Citation de la semaine 20
- Grégoire Taconet
- 14 oct. 2024
- 3 min de lecture

"C'est la relation qui soigne, c'est la relation qui soigne, c'est la relation qui soigne"Irvin Yalom
Irvin Yalom a publié des milliers de pages, en romans comme en essais parfois très techniques, sur les complexités et les subtilités de la thérapie. Tout ça... pour dire ça? En fait, c'est cohérent.
Un premier article de Saul Rosenzweig en 1936 ouvre la porte à l'hypothèse peu confortable que l'approche thérapeutique n'est peut-être pas le facteur principal de la réussite d'une thérapie. Son affirmation n'a pas mis fin, loin de là, aux guerres de chapelles autant qu'elle ne l'aurait dû (ça m'aurait fait des vacances quand j'étais étudiant en psychologie, et je reste convaincu que le dogmatisme nuit à tout le monde), mais des méta-analyses ont des dizaines d'années plus tard confirmé son propos : la méthode, la technique thérapeutique appliquée est plutôt loin dans la liste des facteurs d'efficacité.
Mais comment une relation avec un·e inconnu·e, un·e professionnel·le de surcroît, pourrait avoir quoi que ce soit de thérapeutique, a fortiori avoir un plus grand impact que des méthodes savamment élaborées et apprises avec rigueur et abnégation par le·a thérapeute? Pour commencer, bien entendu la méthode a de la valeur, et on peut estimer qu'un·e thérapeute impliqué·e et compétent·e, donc qui sera efficace sur l'ensemble des facteurs observables, va choisir une méthode qu'iel estime efficace et surtout s'efforcer d'ajuster sa pratique de façon pertinente ("il n'y a rien de plus pratique qu'une bonne théorie"). Mais cette idée de l'importance de la relation est loin d'être aussi insolite qu'elle peut en avoir l'air.

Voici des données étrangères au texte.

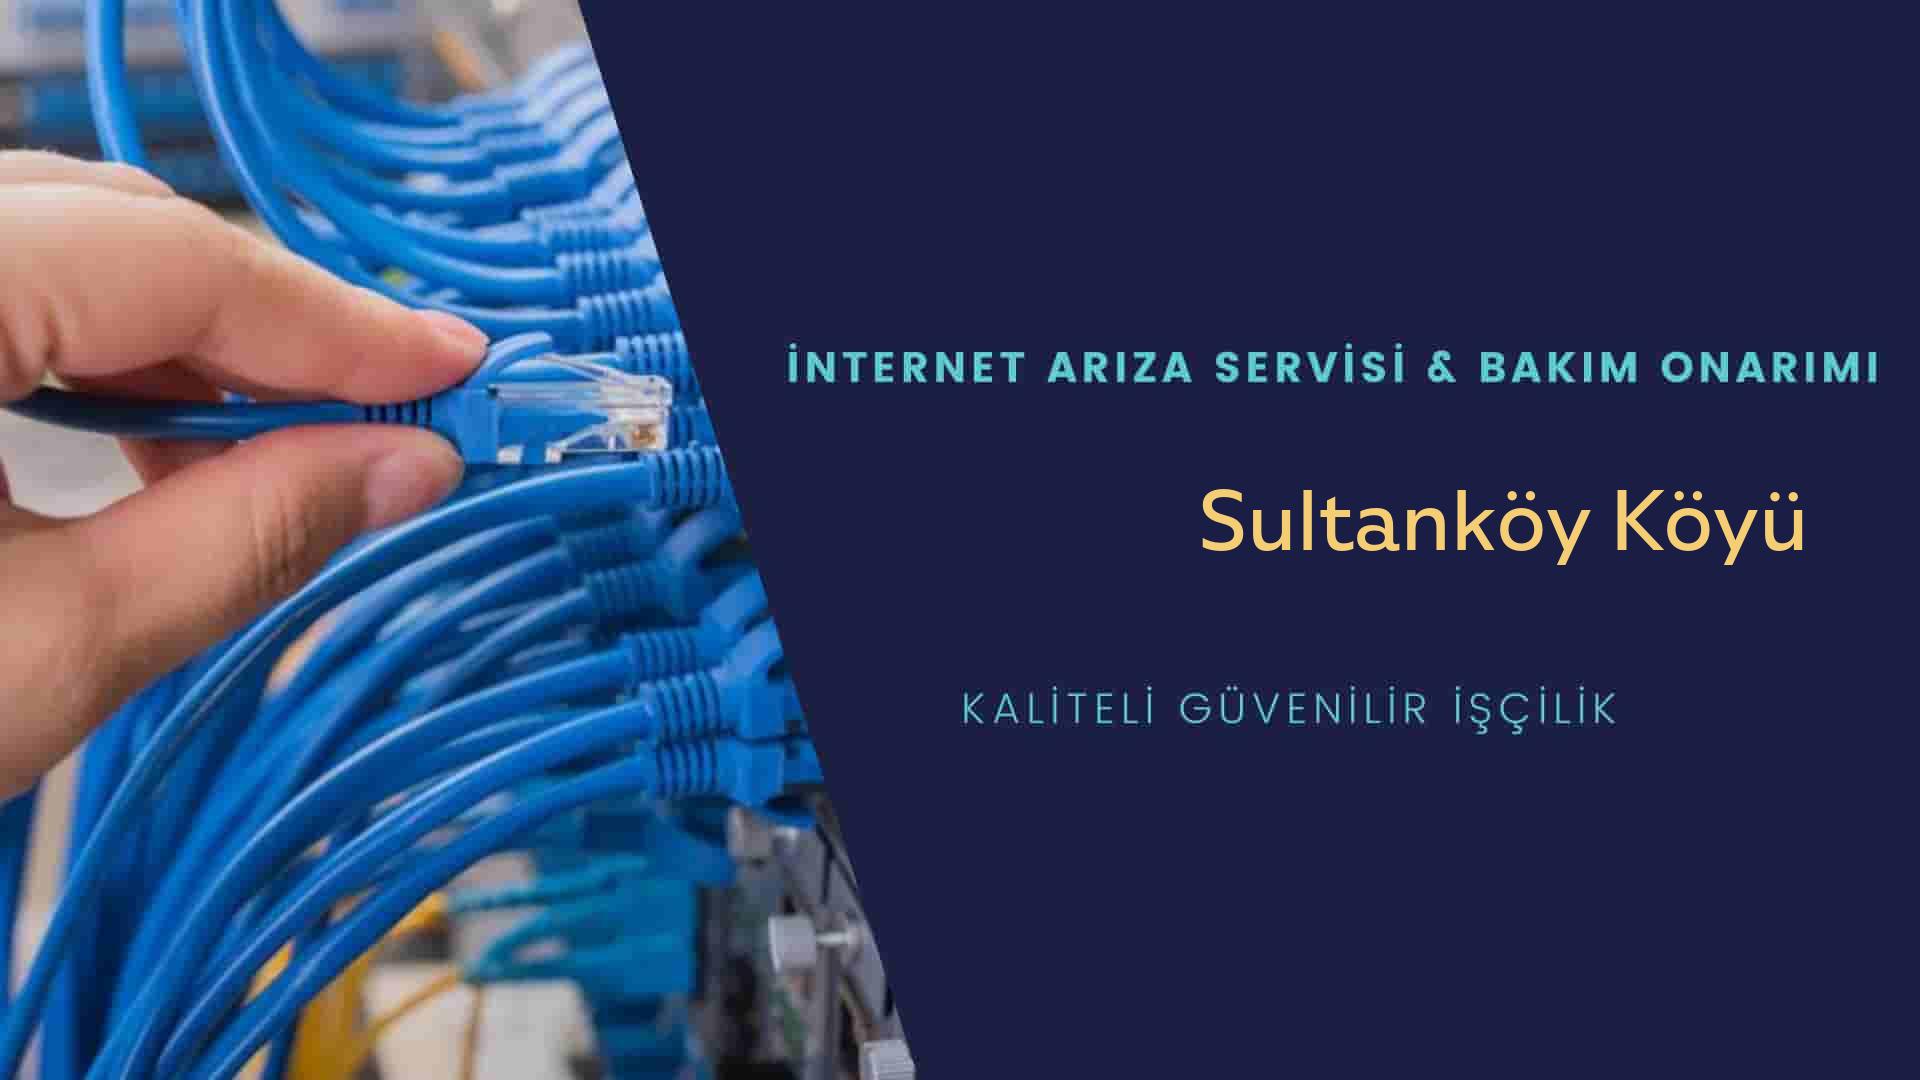 Sultanköy Köyü internet kablosu çekimi yapan yerler veya elektrikçiler mi? arıyorsunuz doğru yerdesiniz o zaman sizlere 7/24 yardımcı olacak profesyonel ustalarımız bir telefon kadar yakındır size.

La psychanalyse, qu'on pourrait considérer comme la psychothérapie pionnière, accordait déjà une importance fondamentale au transfert : c'est dans la façon dont le·a patient·e perçoit l'analyste que transparaissent les mécanismes les plus cruciaux de son psychisme. Bien plus tard, la théorie de l'attachement documentera abondamment à quel point une relation saine, sécurisante, est un besoin fondamental, comparable à celui de s'alimenter ou de dormir. Les relations avec les figures de référence (le plus souvent les parents) auront un impact sur les relations en général bien sûr, mais aussi sur la confiance en soi, la prédisposition à sortir de sa zone de confort dans de bonnes conditions, la capacité à se remettre de traumatismes, ... Une relation sécure est bienveillante, stable (pas d'appréhension à avoir de se faire rejeter pour un oui ou pour un non), prévisible (les mêmes causes auront les mêmes effets)... soit ce qu'on devrait retrouver dans une relation thérapeutique!
Carl Rogers, créateur de l'Approche Centrée sur la Personne, l'avait théorisé différemment, mais a placé ces éléments au centre des dizaines d'années avant l'existence de la théorie de l'attachement. Les trois attitudes fondamentales que sont l'empathie (le·a thérapeute fait un effort actif de connexion avec son ou sa client·e), l'approche positive inconditionnelle (qui ne consiste pas, bien entendu, à être d'accord avec tout, mais à estimer que la personne a fait de son mieux avec les ressources qu'elle avait, même dans le négatif), la congruence (le·a thérapeute est une personne, et a un comportement cohérent dans l'espace thérapeutique avec ce qu'elle vit et ressent, n'aura pas une attitude qui sonne faux), pourraient résumer les conditions d'une relation sécure selon Bowlby.
Bien sûr la relation n'est pas le seul facteur. Et Mick Cooper, thérapeute existentialiste comme Yalom et habitué à une lecture très attentive de la littérature scientifique, observe que les données ne permettent pas de trancher si c'est la relation qui soigne, ou si c'est l'efficacité de la thérapie qui optimise la relation. Mais ça reste un élément bien plus fondamental qu'on ne pourrait le croire.